▶ **Data below**:
◇ ◇ ◇ ◇

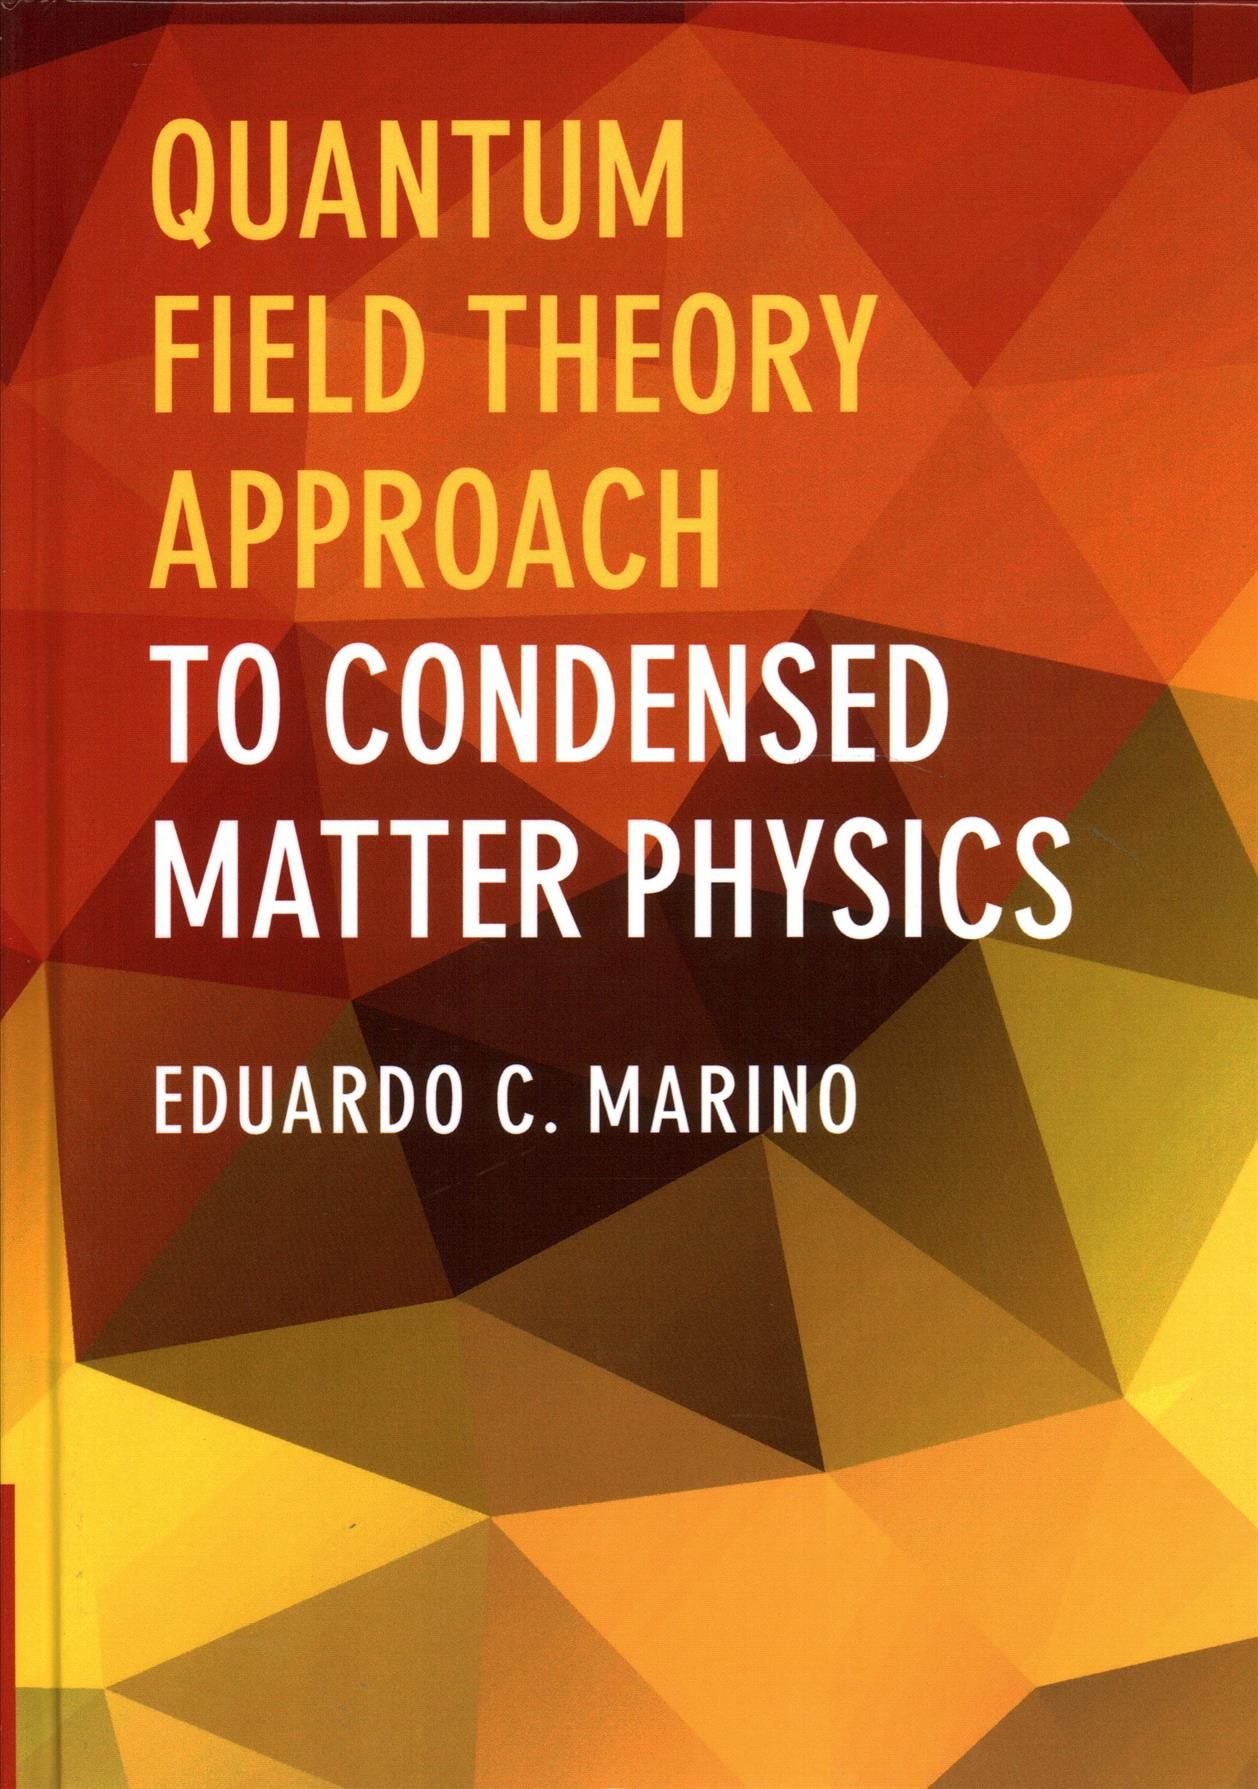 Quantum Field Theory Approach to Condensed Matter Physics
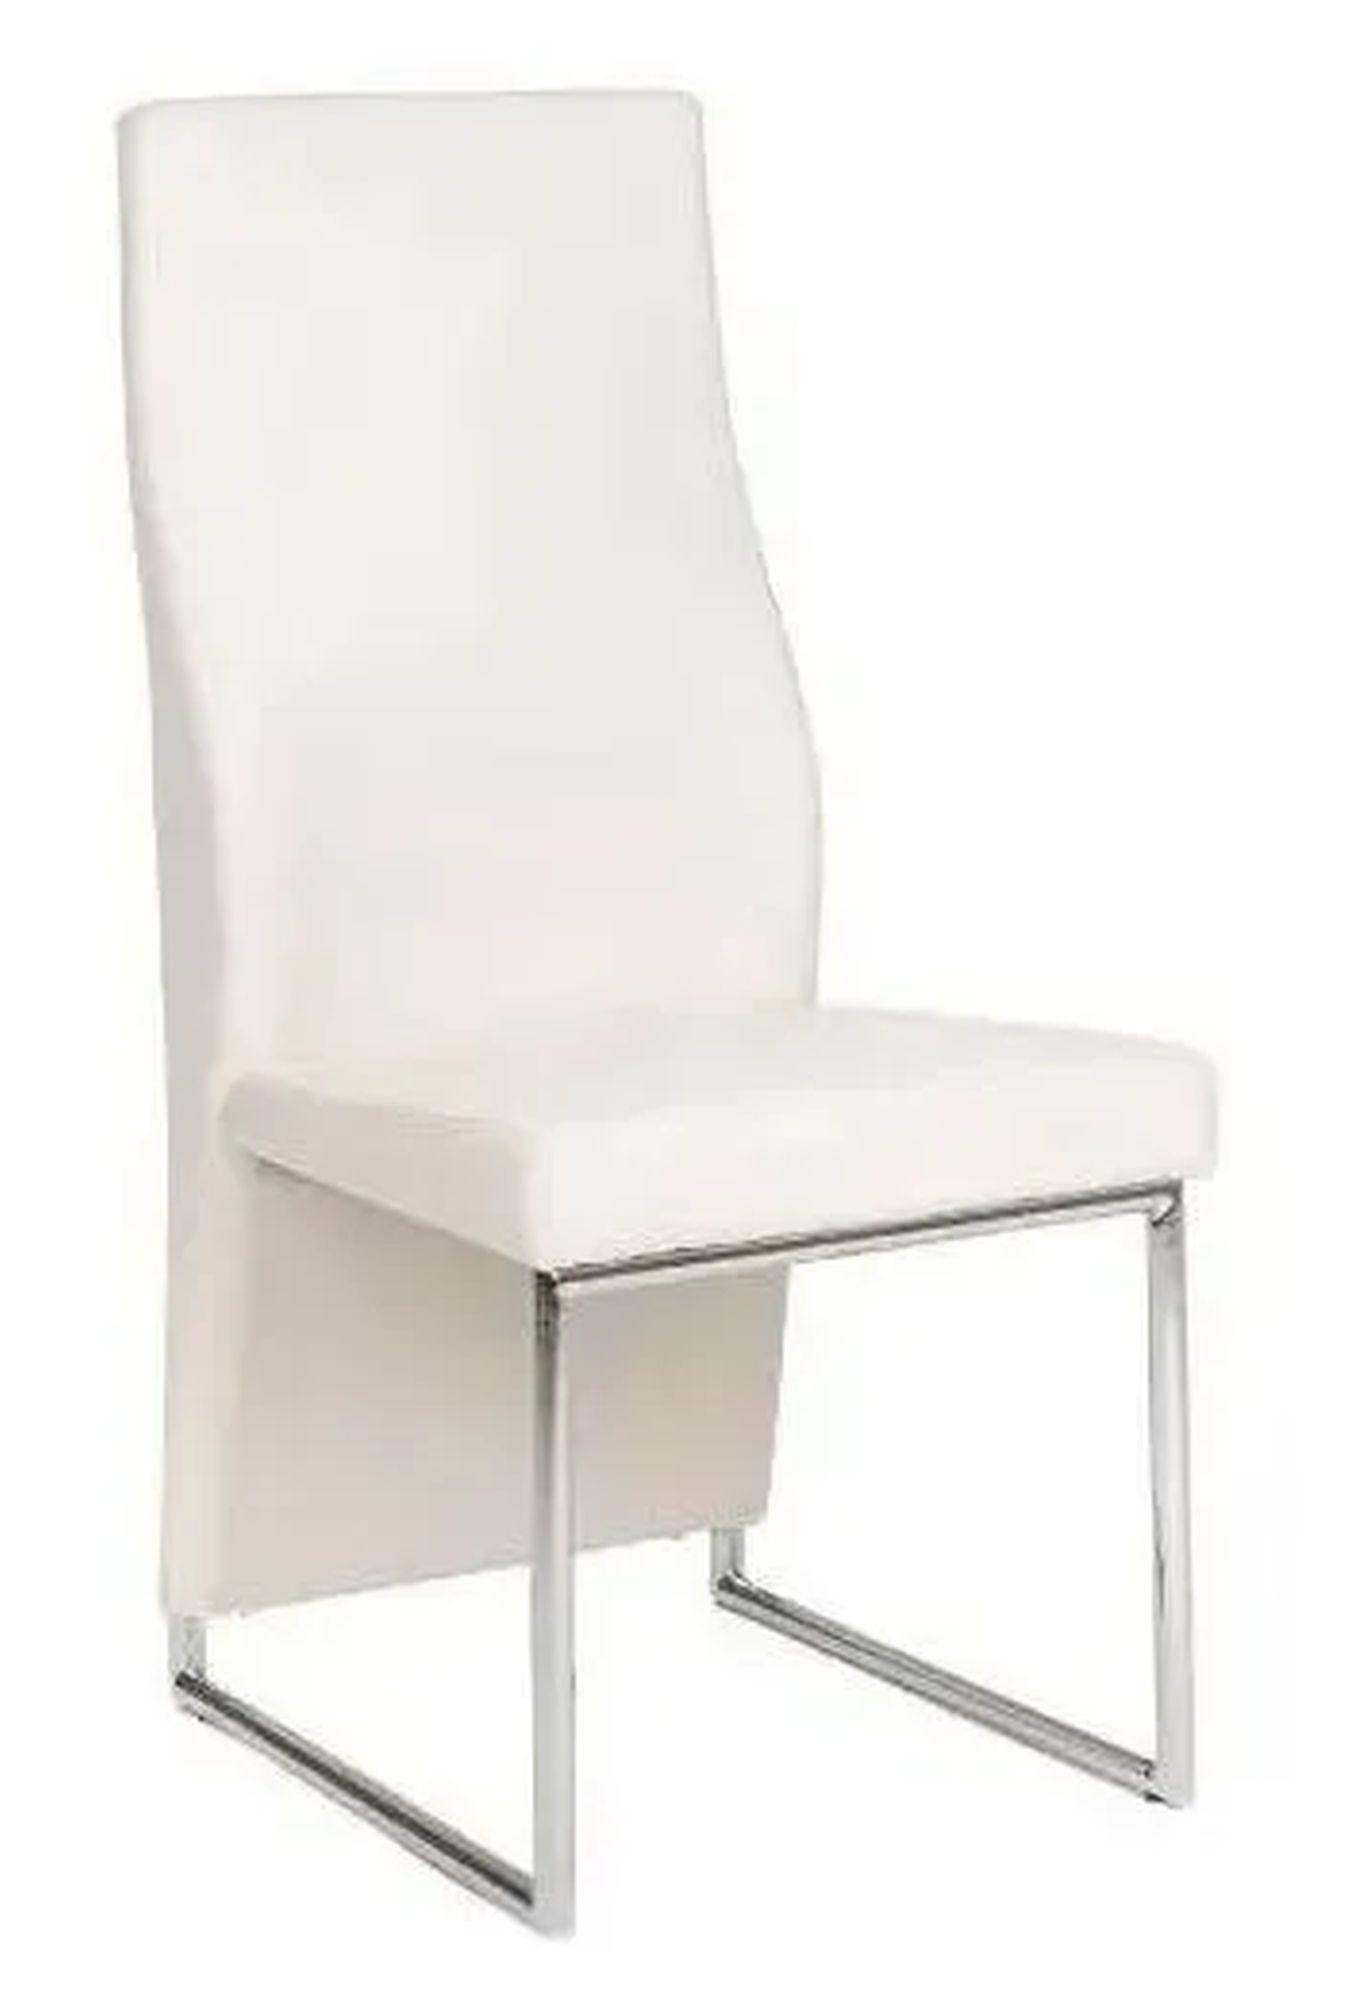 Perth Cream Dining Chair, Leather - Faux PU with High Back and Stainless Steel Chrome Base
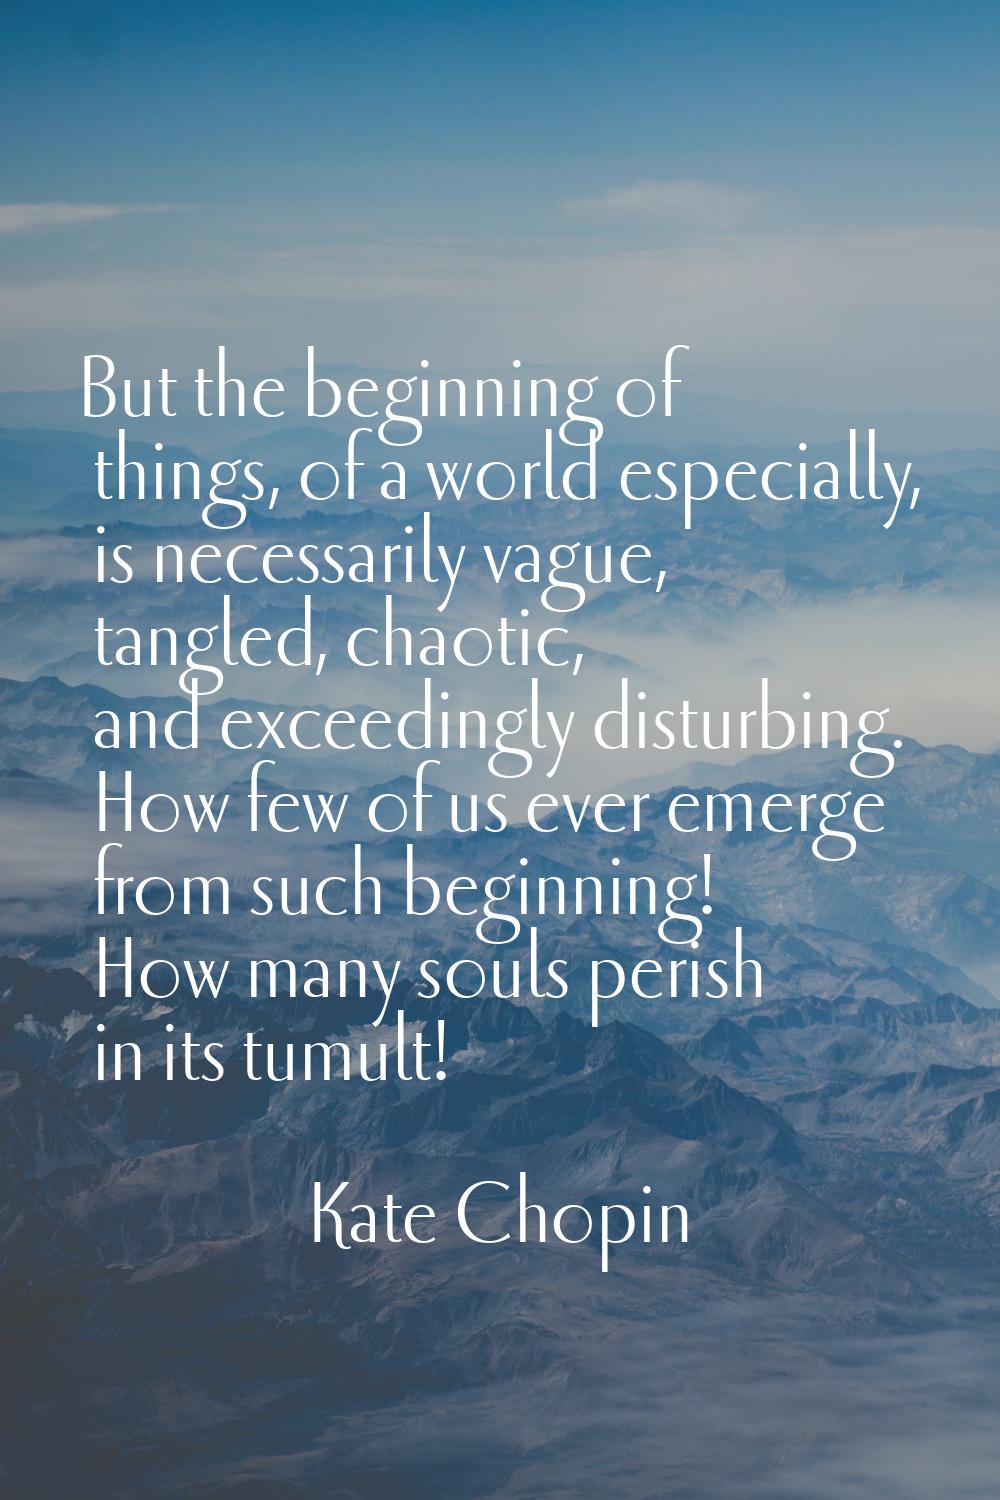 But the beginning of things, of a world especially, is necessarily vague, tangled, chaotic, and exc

◇ ◇ ◇ ◇

▶ **Brief**:
Retype the listing exactly and drop the pictures.

▶ **Final answer**:
 Quantum Field Theory Approach to Condensed Matter Physics
 Perth Cream Dining Chair, Leather - Faux PU with High Back and Stainless Steel Chrome Base
 But the beginning of things, of a world especially, is necessarily vague, tangled, chaotic, and exc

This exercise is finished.